**EXERCISE DATA**:
BEGIN

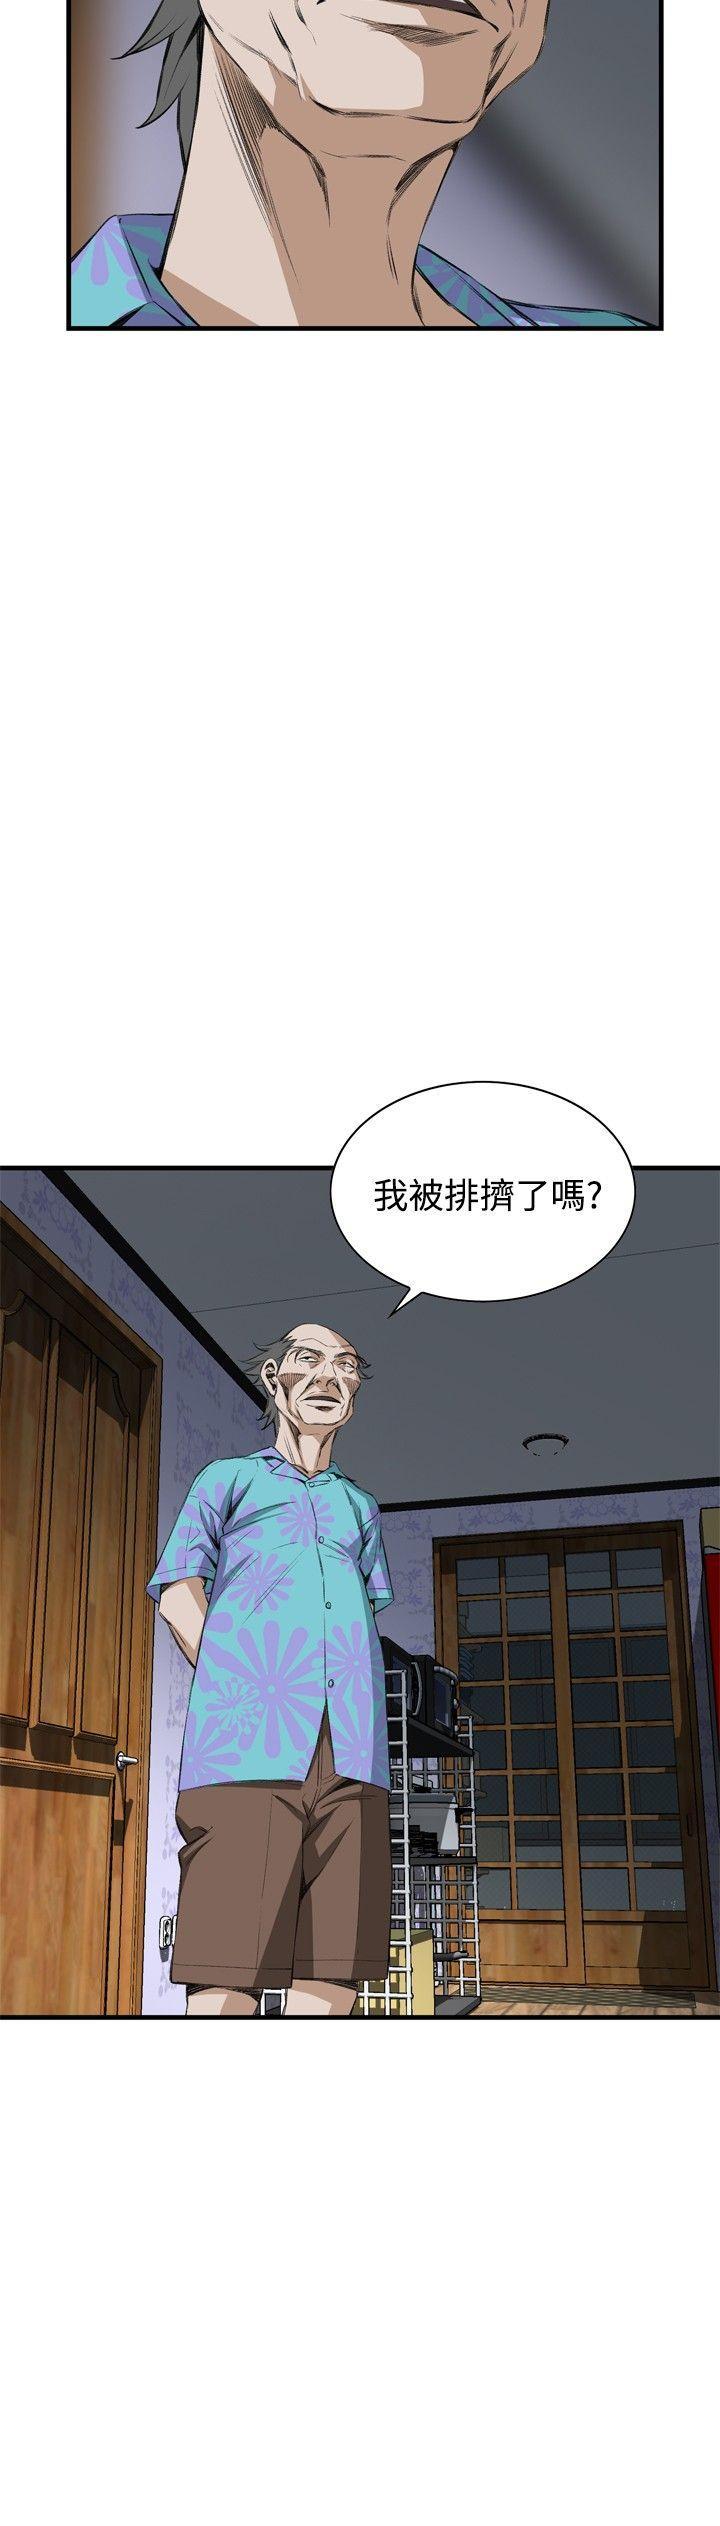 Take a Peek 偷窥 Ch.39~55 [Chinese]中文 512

END
BEGIN

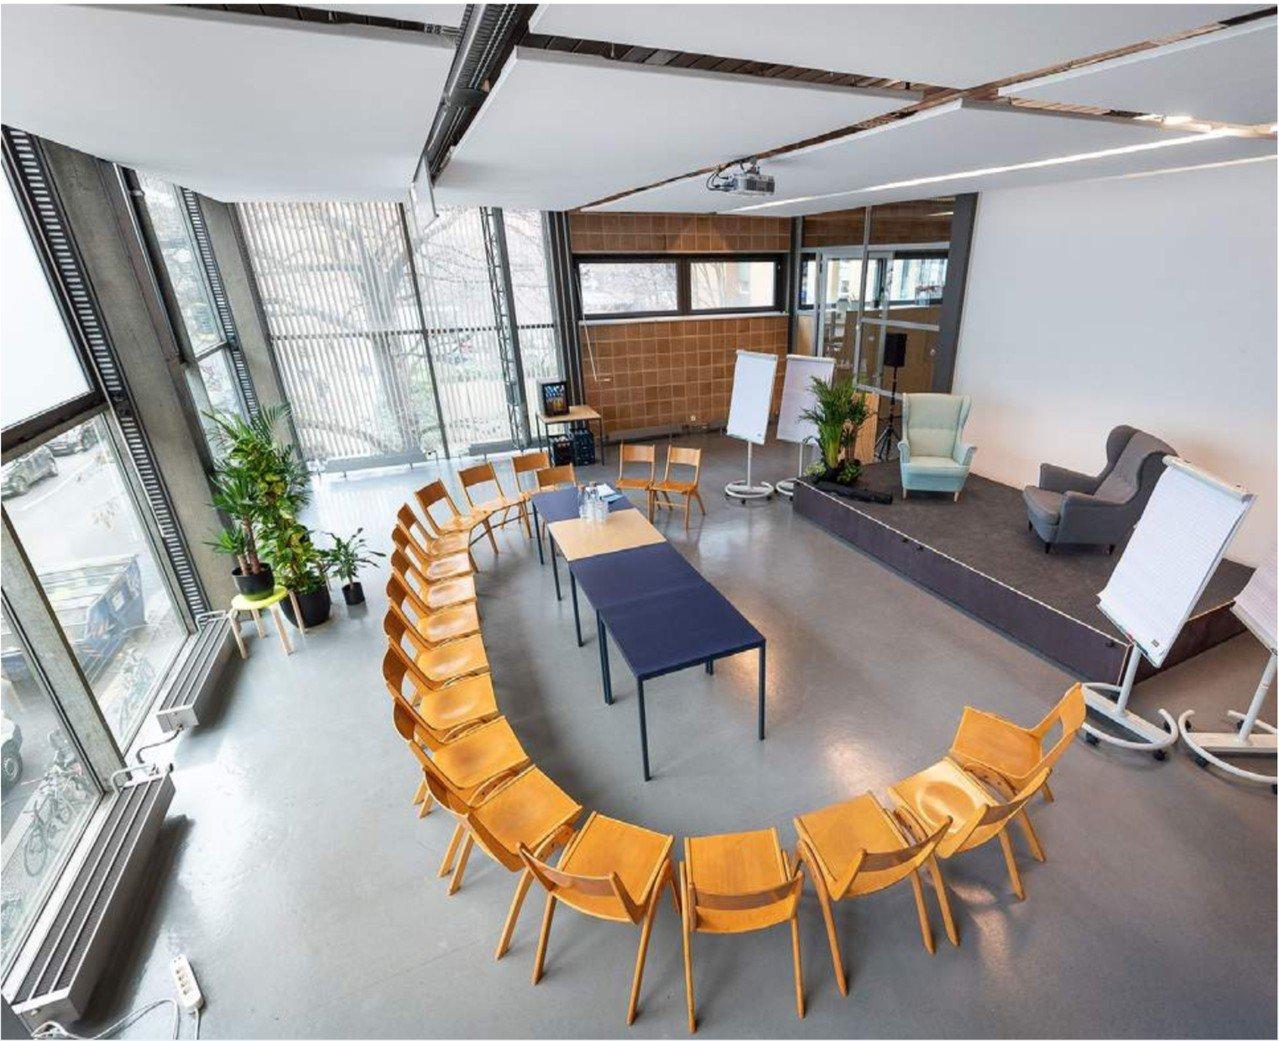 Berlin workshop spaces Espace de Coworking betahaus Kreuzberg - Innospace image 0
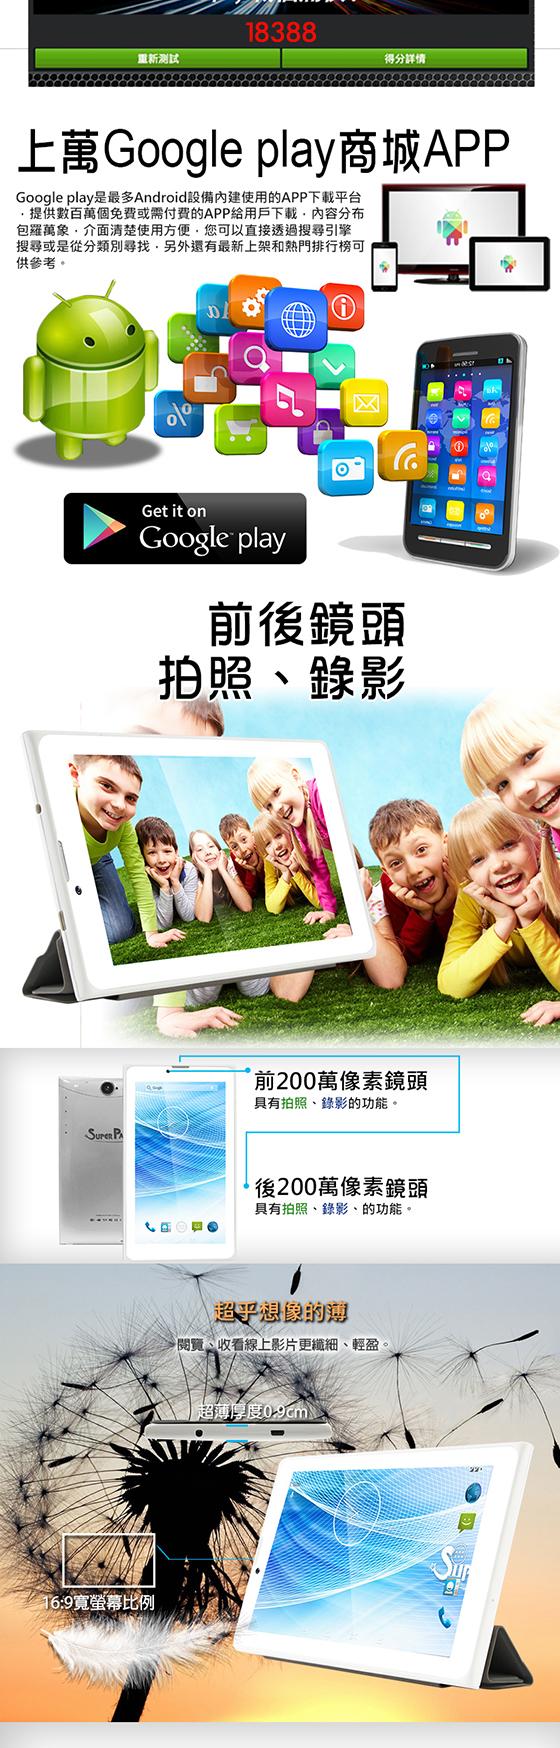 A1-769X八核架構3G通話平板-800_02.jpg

END

**DESCRIPTION OF THE TASK**: I would like the exact lines from the data above, starting with the one that holds "Berlin workshop spaces" and going on through the one that holds "A1-769X八核架構3G通話平板-800_02.jpg", without the pictures.

**TASK RESPONSE**:
 Berlin workshop spaces Espace de Coworking betahaus Kreuzberg - Innospace image 0
 A1-769X八核架構3G通話平板-800_02.jpg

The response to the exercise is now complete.